Très heureusement, Buena Vista fut épargnée, la diagonale de ce chubasco s’étant établie plus à l’ouest.

Buena Vista occupe la partie latérale d’une île prolongée par de vastes bancs de sable à l’époque de la saison sèche, et que la crue du fleuve réduit notablement pendant la saison des pluies. C’est ce qui avait permis à la Gallinetta et à la Maripare de gagner la base même du village.

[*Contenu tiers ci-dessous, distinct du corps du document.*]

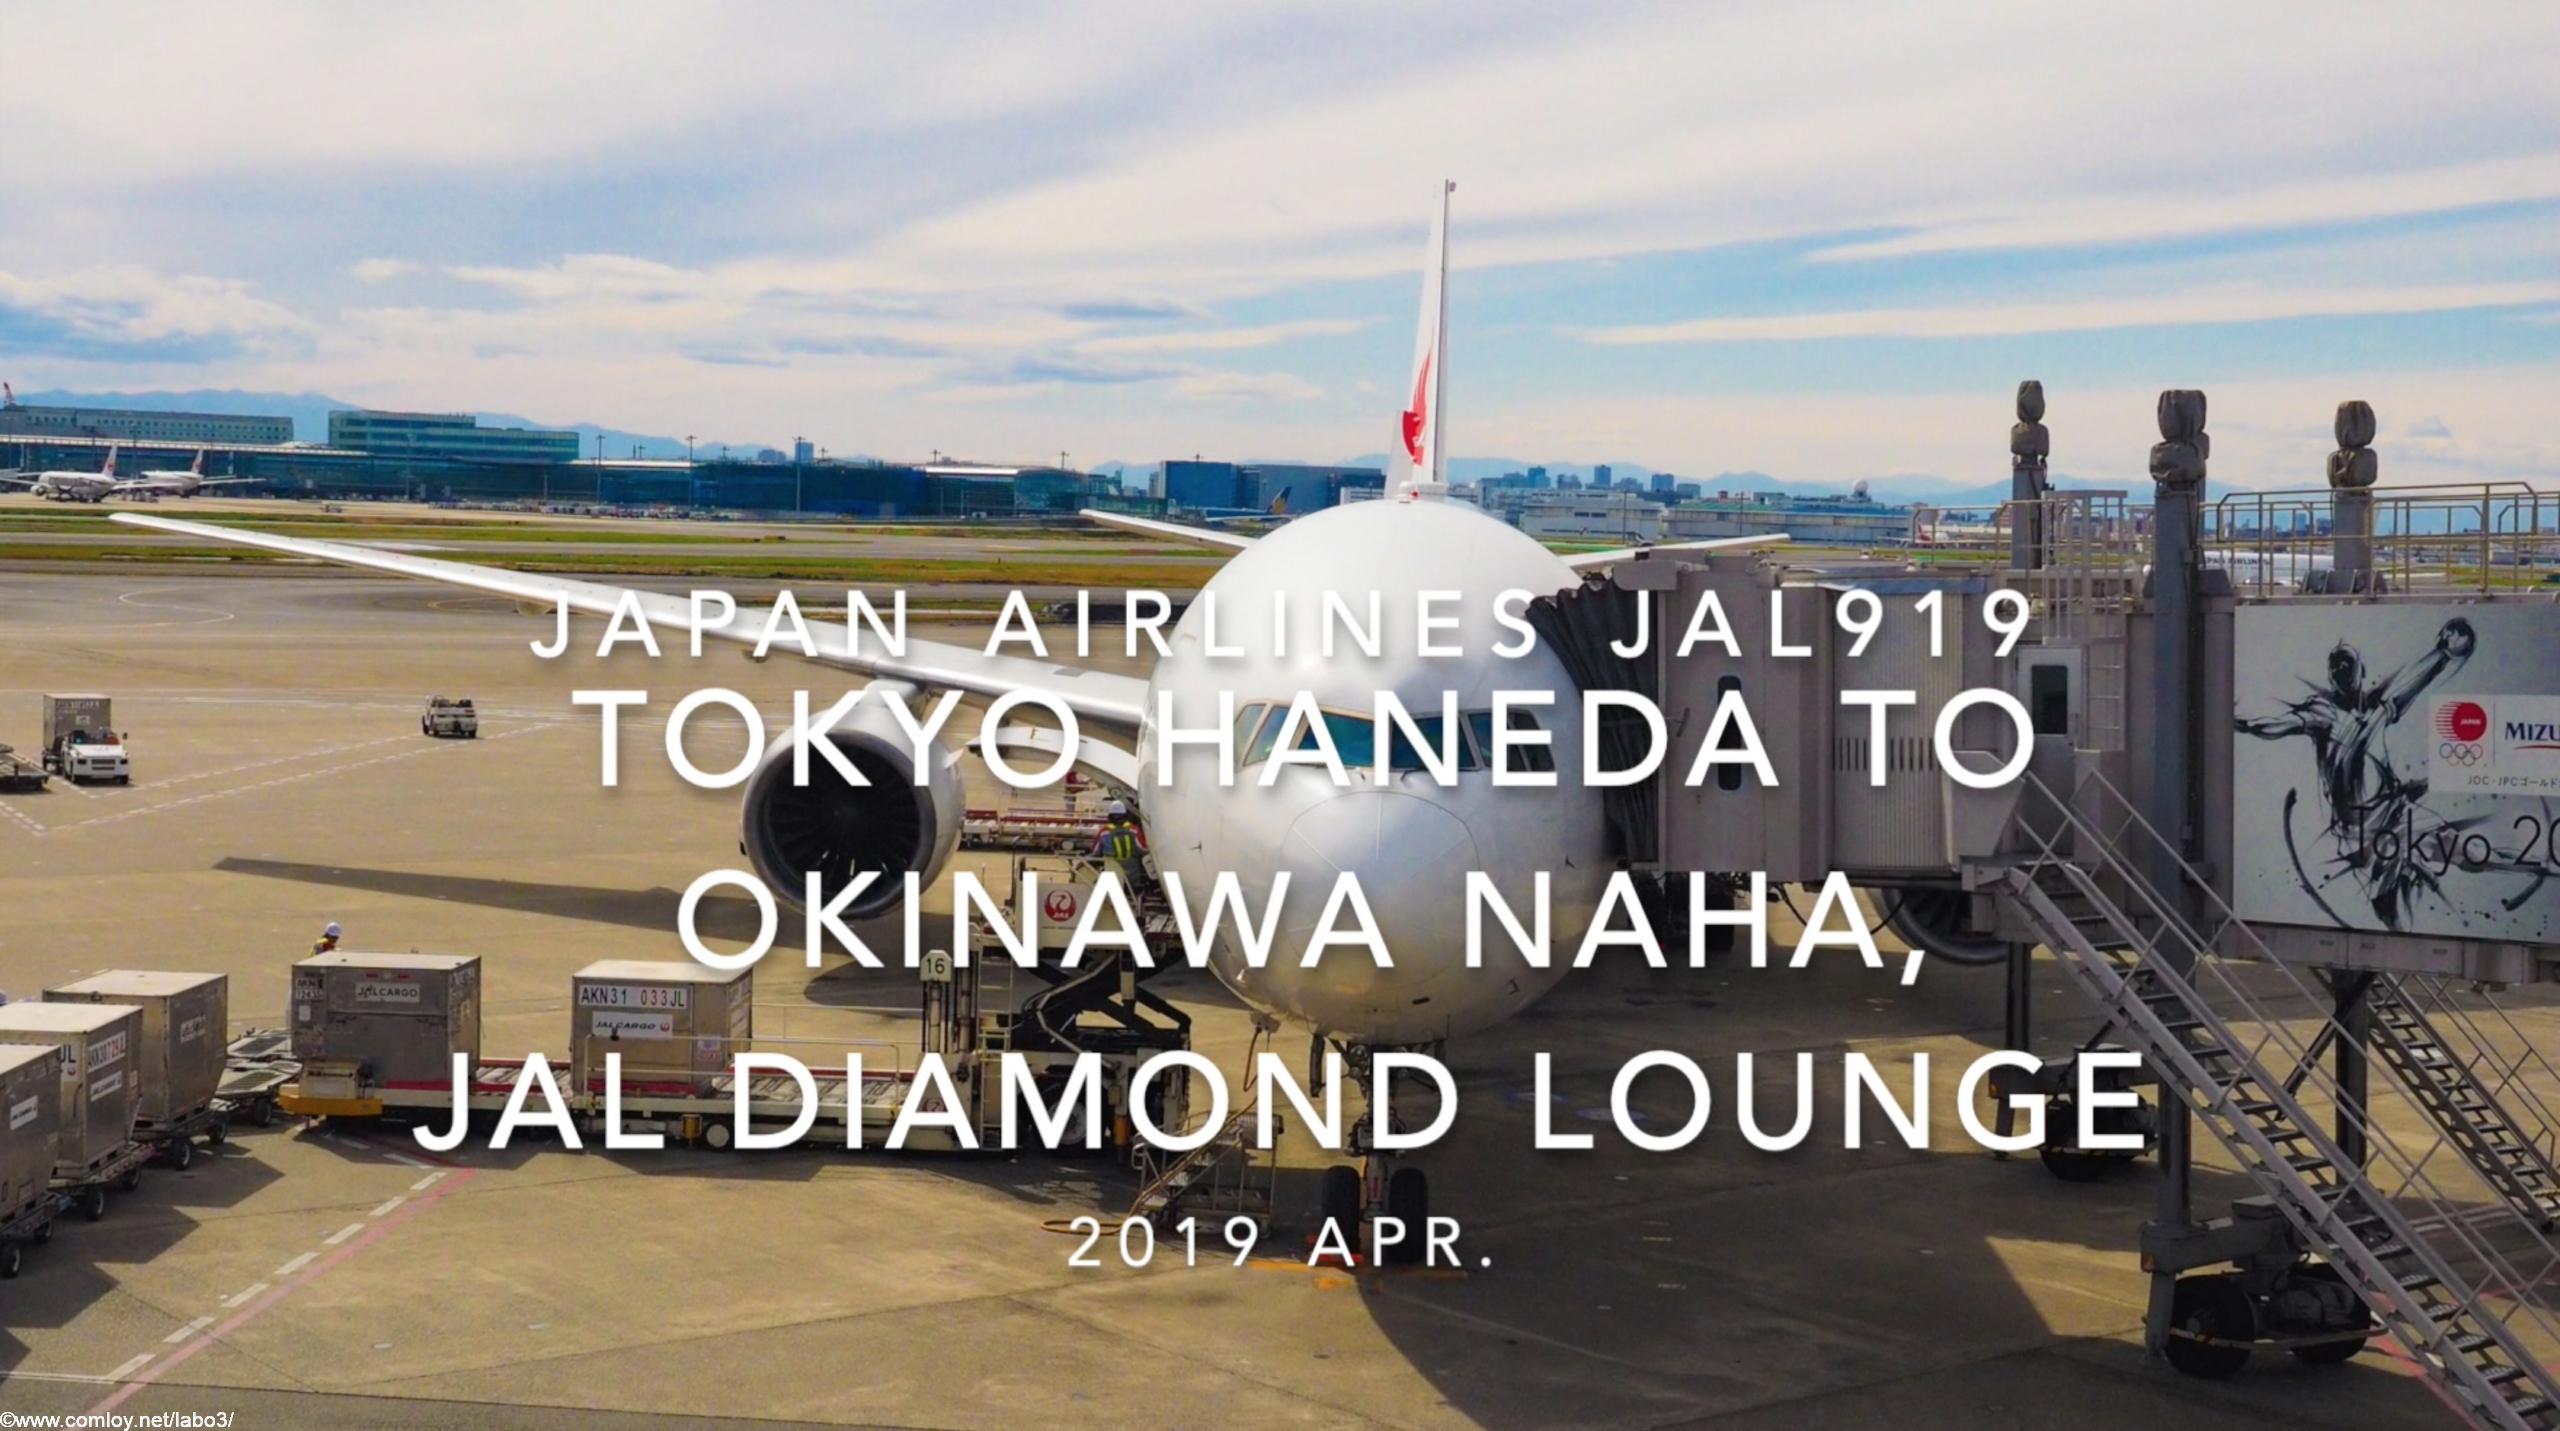 【Flight Report】2019 Apr Japan airlines JAL919 TOKYO HANEDA TO OKINAWA NAHA and JAL DIAMOND LOUNGE 日本航空 羽田 - 那覇 搭乗記

Village ?…. Il n’y a là qu’une agglomération de quelques cases, pouvant loger cent cinquante à deux cents Indiens. Ils n’y viennent que pour la récolte des œufs de tortues, dont on tire une huile de vente courante sur les marchés vénézuéliens. Aussi, durant le mois d’août, ce village est-il à peu près abandonné, car la ponte cesse vers la moitié du mois de mai. Il n’y avait plus à Buena Vista qu’une demi-douzaine d’Indiens, vivant de pêche et de chasse, et ce n’est pas chez eux que les pirogues auraient pu s’approvisionner, si cela eût été nécessaire. Comme leurs réserves n’étaient point épuisées, elles suffiraient jusqu’à la bourgade de la Urbana où il serait facile de se ravitailler.

L’important était que les falcas n’eussent pas souffert de ce terrible coup de vent.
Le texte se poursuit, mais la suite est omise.